Still, there are some efficiencies to be gained within headquarters. Redundancies can be addressed, though usually only with the loss of desired resiliency. There appears to be some over-grading, such as with special operations billets in geographic combatant commands. But declaring an exorbitant mandatory percentage of cuts ensures that capabilities eliminated will have to be reconstituted under fire with untrained personnel and uncoordinated teams, even though staffs must be just as well trained and cohesive as the field units they serve. The alternative, replacing military staff with civilians or contractors, leaves much to be desired in both performance and cost. In general, the military’s attempts to reduce its “tooth-to-tail” ratio have simply created a wider array of tail feathers or resulted in a smaller work force inadequately covering the same workload.

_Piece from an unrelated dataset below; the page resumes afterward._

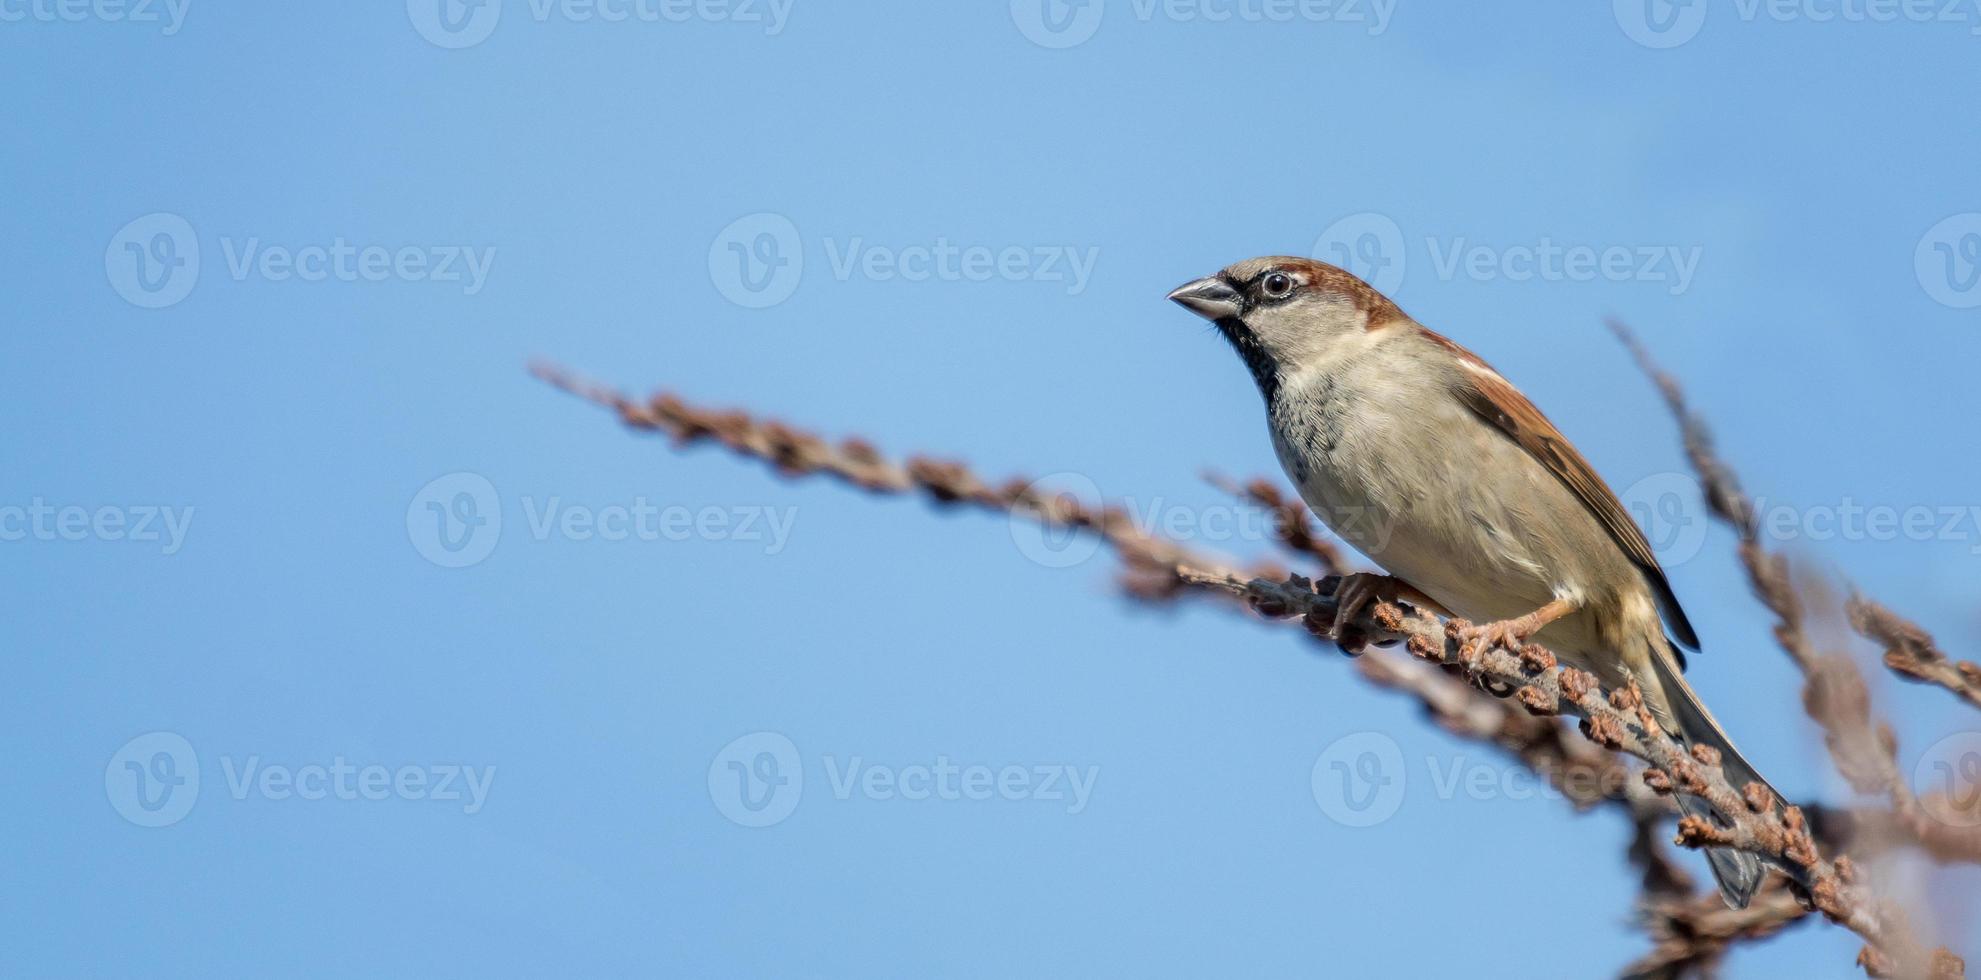 little sparrow male is looking interested sitting on a branch in front of blue sky photo

Every American war has required expansion of headquarters to meet new exigencies. In the current round of service cutbacks, we must ensure that we are not exacerbating the problem by eliminating capabilities we already know we will need in the future. Headquarters reductions deserve the same careful consideration as proposals to eliminate combat forces. No secretary of defense would arbitrarily assign services to cut 20 percent of combat units. Staff positions should be treated the same way.
Conrad Crane is Chief of Historical Services for the Army Heritage and Education Center at the Army War College. A retired Army officer with a Ph.D. from Stanford, he is best known as the lead author for the 2006 Army and Marine Corps counterinsurgency manual. His book about creating and applying that doctrine, Cassandra in Oz, will be published in the spring by Naval Institute Press.
John Bonin is Professor, Concepts and Doctrine for the Army War College. He is a retired Army colonel with a Ph.D. from Temple. He is the lead author of Joint Publication 3-31, Command and Control of Joint Land Operations, as well as author of Unified and Joint Land Operations: Doctrine for Landpower, published for The Land Warfare Papers, August 2014.